The potential impact of adopting this standard on the Company's pro forma
disclosures of net income and earnings per share has not been quantified at
this time.
(9) Rights Agreement
On December 9, 1996, the Board of Directors increased the exercise price
per common share under the Company's Rights Agreement from $15 per share to
$90 per share.
PART I - FINANCIAL INFORMATION (Continued)
Item 2. Management's Discussion and Analysis of Financial
Condition and Results of Operations
HOLOGIC, INC. AND SUBSIDIARIES
Results of Operations
The Company's results of operations have and may continue to be subject
to significant quarterly variation. The results for a particular quarter may
vary due to a number of factors, including the overall state of health care
and cost containment efforts, the development status and demand for drug
therapies to treat osteoporosis, the use of mini c-arms in minimally-invasive
surgical procedures, economic conditions in the Company's markets, the timing
of orders, the timing of expenditures in anticipation of future sales, the mix
of products sold by the Company, the introduction of new products and product
enhancements by the Company or its competitors and pricing and other
competitive conditions.
Revenues. Total revenues for the first quarter of fiscal 1997 increased
45% to $27,109,743 from $18,692,144 for the first quarter of fiscal 1996.
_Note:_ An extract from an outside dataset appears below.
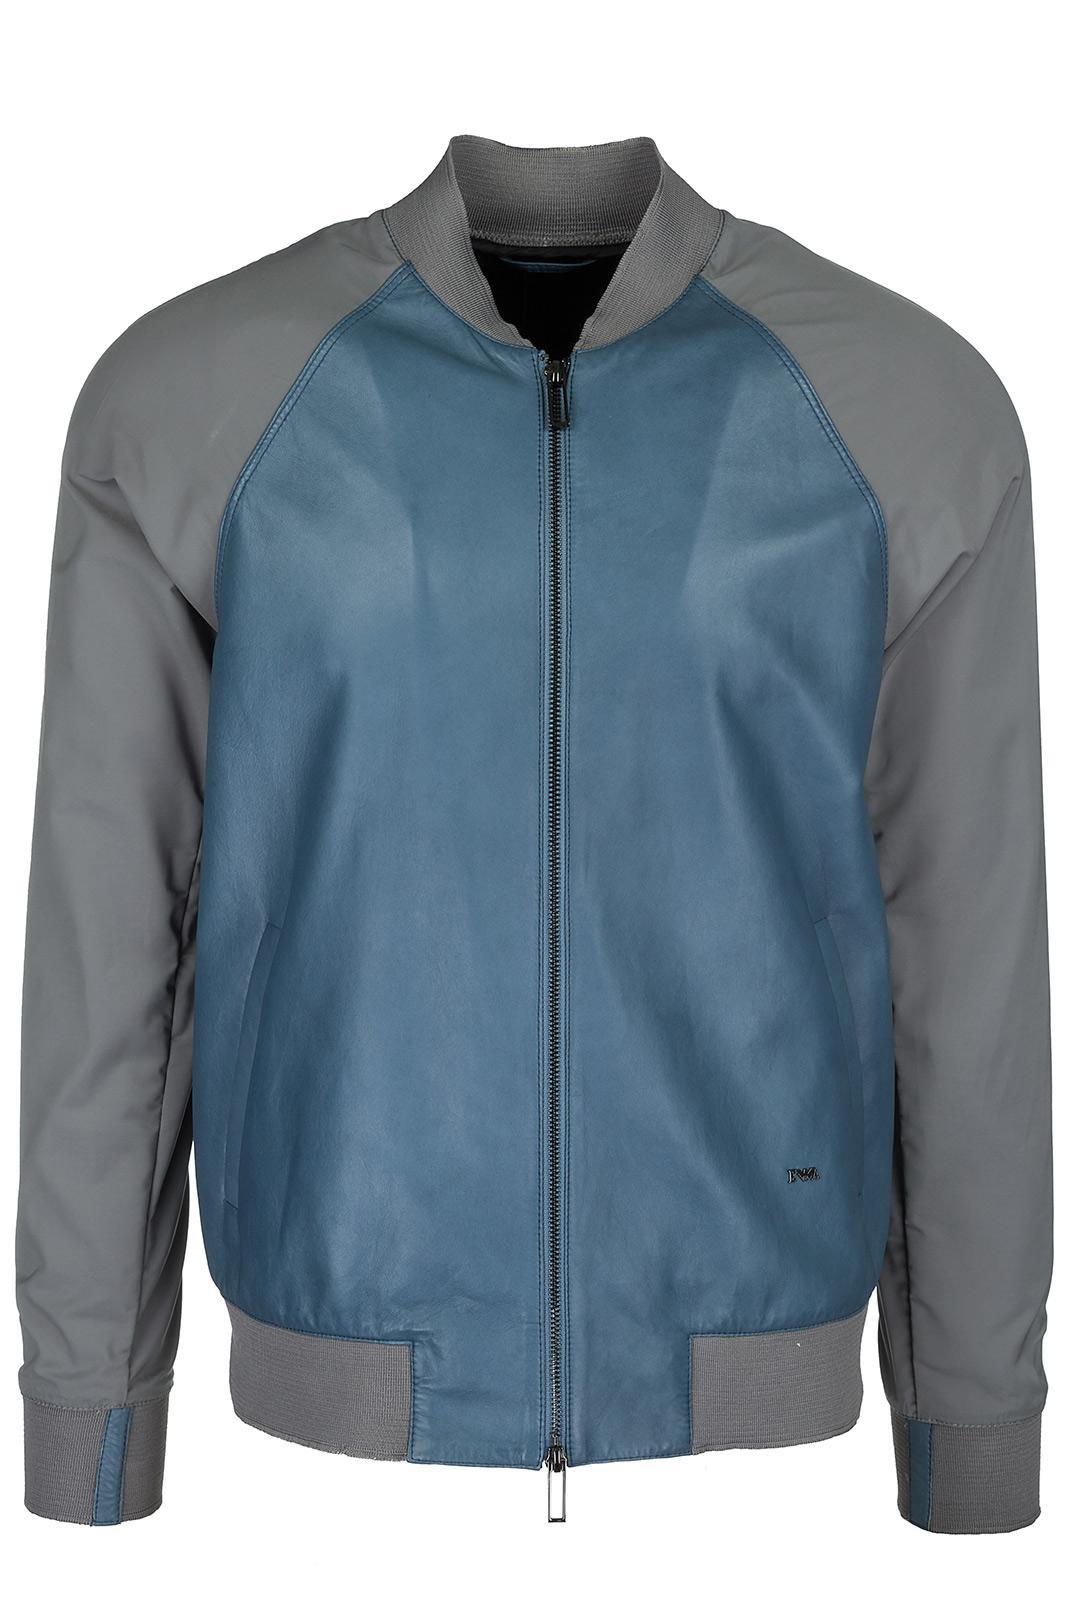 huge discount 720e7 e3b8b Herren Lederjacke Jacke Blouson Leder Herrenjacke in Blue
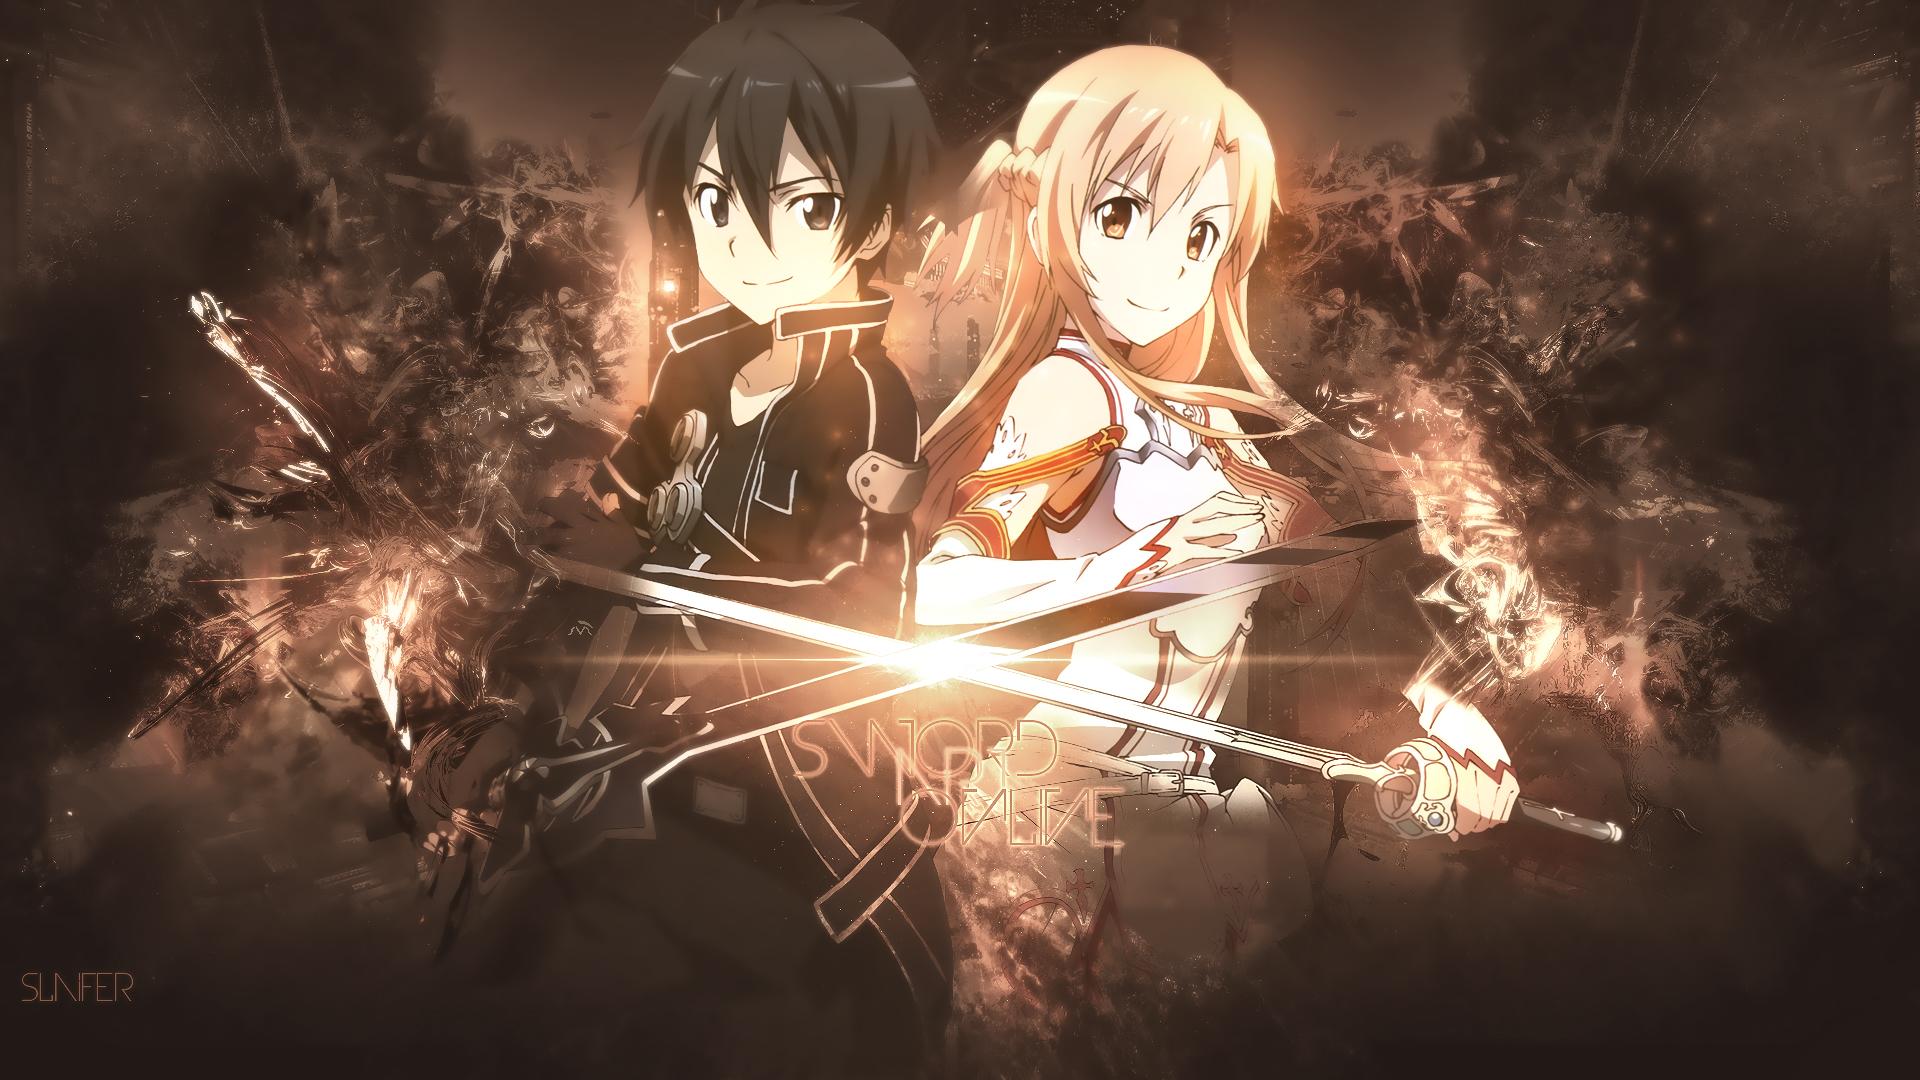 Sword Art Online wallpaper 47

This increase was primarily due to the increase in the total number of DXA
bone densitometer product shipments in both the Company's domestic and
international markets, particularly in the United States where product sales
increased 150% over the prior year. There was also a shift in product sales
mix to the Company's new line of bone densitometers, the ACCLAIM series, which
the Company began shipping in January 1995. The new ACCLAIM products have
higher average selling prices than the comparable DXA bone densitometers which
they replace. For the current quarter, sales of the ACCLAIM product accounted
for 87% of DXA product sales. Other revenues also increased for the current
three month period due to increases in revenue relating to medical data
management services provided to pharmaceutical companies to assist in the
collection and monitoring of clinical trial data and an increase in royalties
from the license of the Company's technology to Vivid Technologies, Inc.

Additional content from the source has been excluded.